To determine if manipulating VitD3 status affected physiological functions related to cognition, long-term potentiation (LTP) was examined in the CA1 region of the hippocampus. The field EPSP slopes were compared before and after theta burst stimulation, and no difference in LTP between groups was observed (Fig. S3). However, an input/output (I/O) curve, obtained by plotting progressive increases in the input stimulation against the measured evoked response, revealed a significant difference between groups (Fig. 5).

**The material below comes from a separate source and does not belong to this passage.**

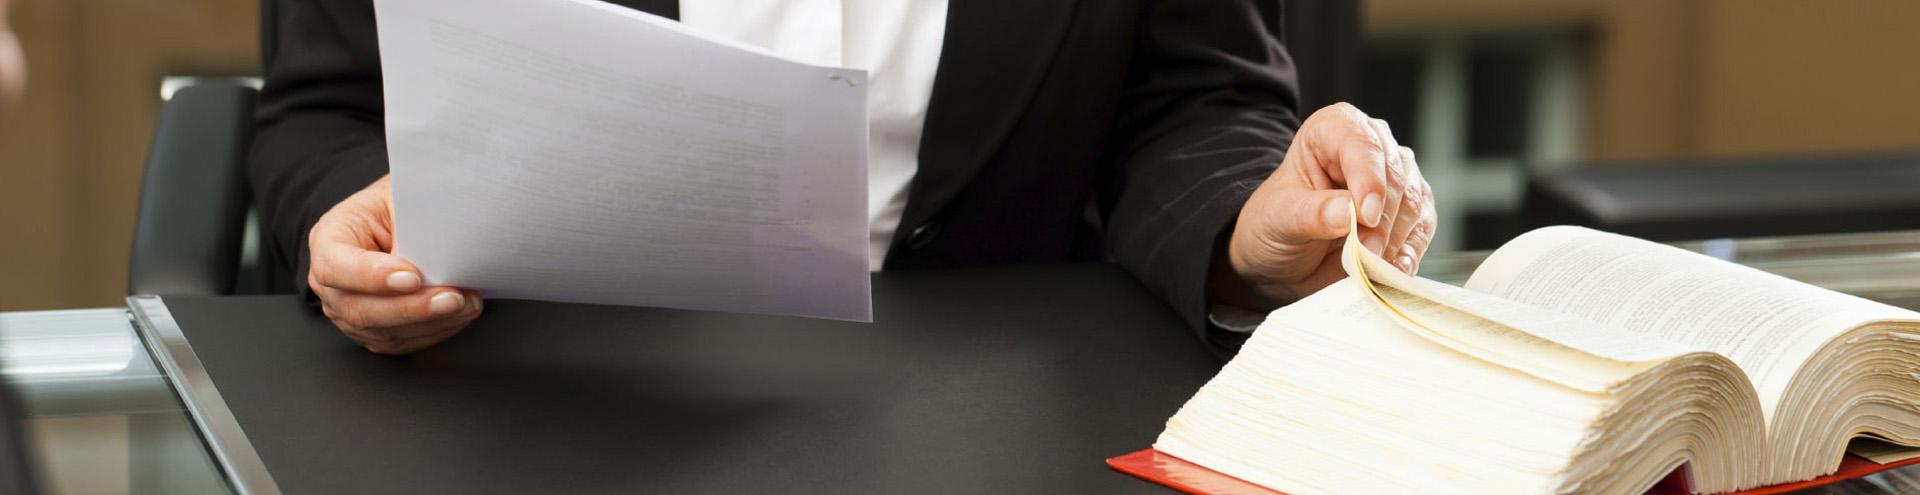 Касационное обжалование решения арбитражного суда в Челябинске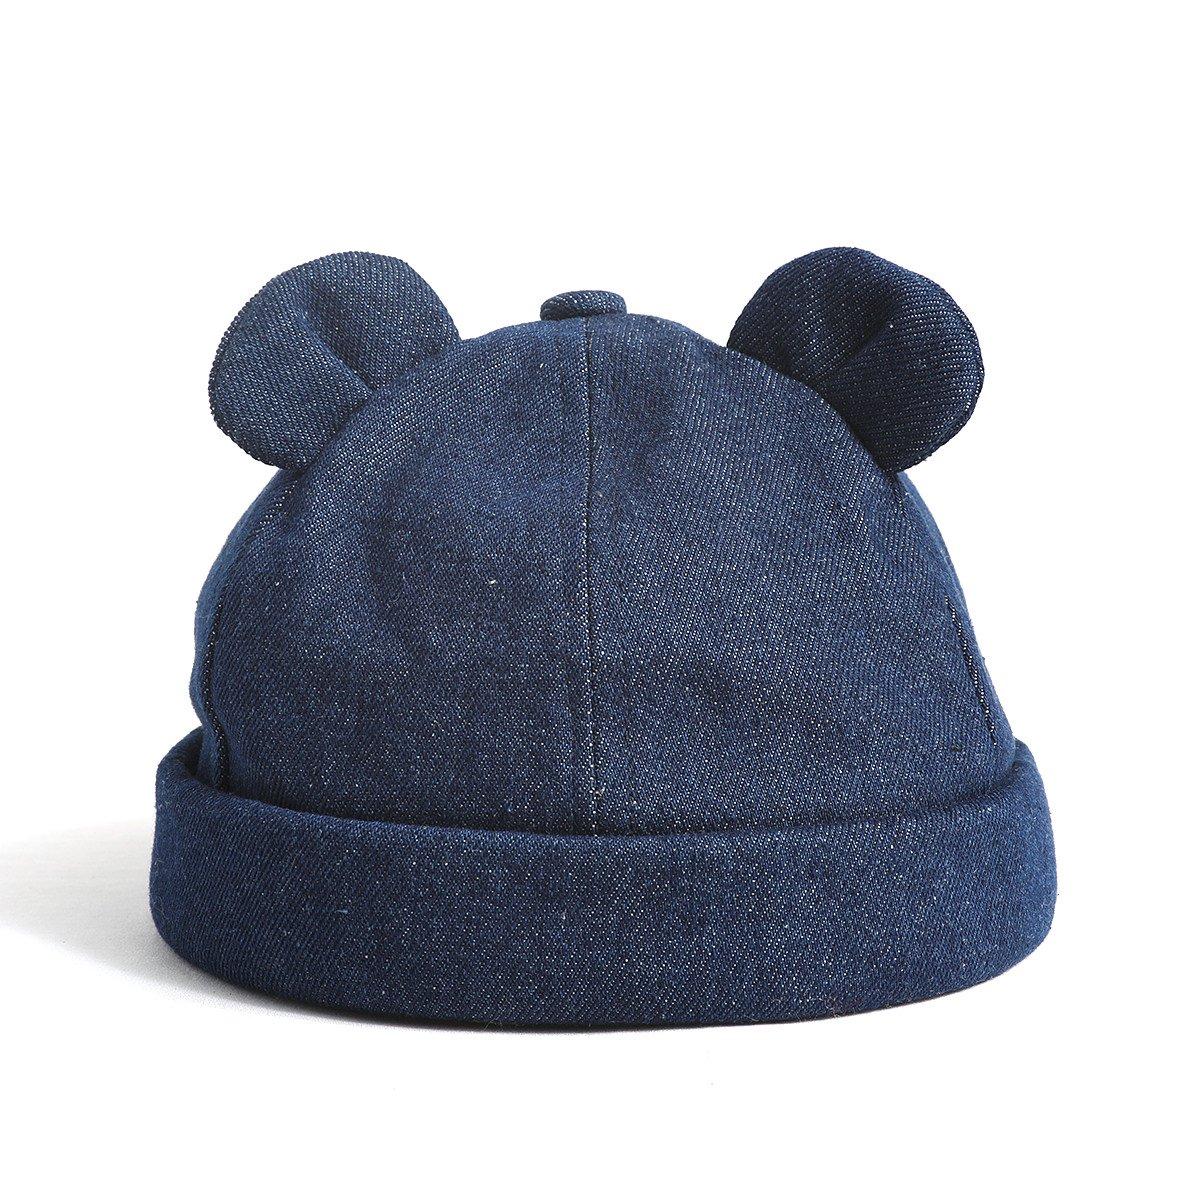 【KIDS】Bear Roll Cap 詳細画像3

Compared with the low- and medium-VitD3 groups, the high-VitD3 group had a significantly steeper I/O slope. These results suggest that high VitD3 may improve neuronal excitability, which is known to decrease with age (44). However, this increased responsiveness with high VitD3 did not appear to be due to hyperexcitability, because slice survival and integrity were comparable across groups.
Discussion
Despite growing concerns that vitamin D deficiency is a risk factor associated with unhealthy cognitive aging, few studies have investigated the effects of chronic vitamin D (VitD3) supplementation. It is therefore unclear whether a potential causal relationship exists. Here, we examined the effects of long-term dietary manipulation of serum vitamin D (25OHD) and tested the hypothesis that cognitive decline with aging can be slowed or prevented by higher vitamin D levels. Middle-aged male F344 rats were fed diets containing low, medium (NRC-required), or high VitD3 for 5–6 mo, followed by assessments of cognitive function, hippocampal electrophysiology, and gene expression. The results of our study provide evidence of a potential cause-and-effect relationship because raising 25OHD levels prevented age-related cognitive decline. In addition, these studies identify effects on synaptic function as a mechanism by which vitamin D may promote healthy brain aging (Fig. 6). There are relatively few risks associated with increased vitamin D intake, especially when taken in the inactive form (VitD3 or cholecalciferol) (45). The most concerning potential side effect is hypercalcemia; however, hypercalcemia is rarely seen except at serum 25OHD levels far exceeding those levels recommended for optimum health (45). The animals on the high-VitD3 diet in this study had 25OHD levels of ∼30 ng/mL with no changes in serum calcium (Fig. 2 and Table 1).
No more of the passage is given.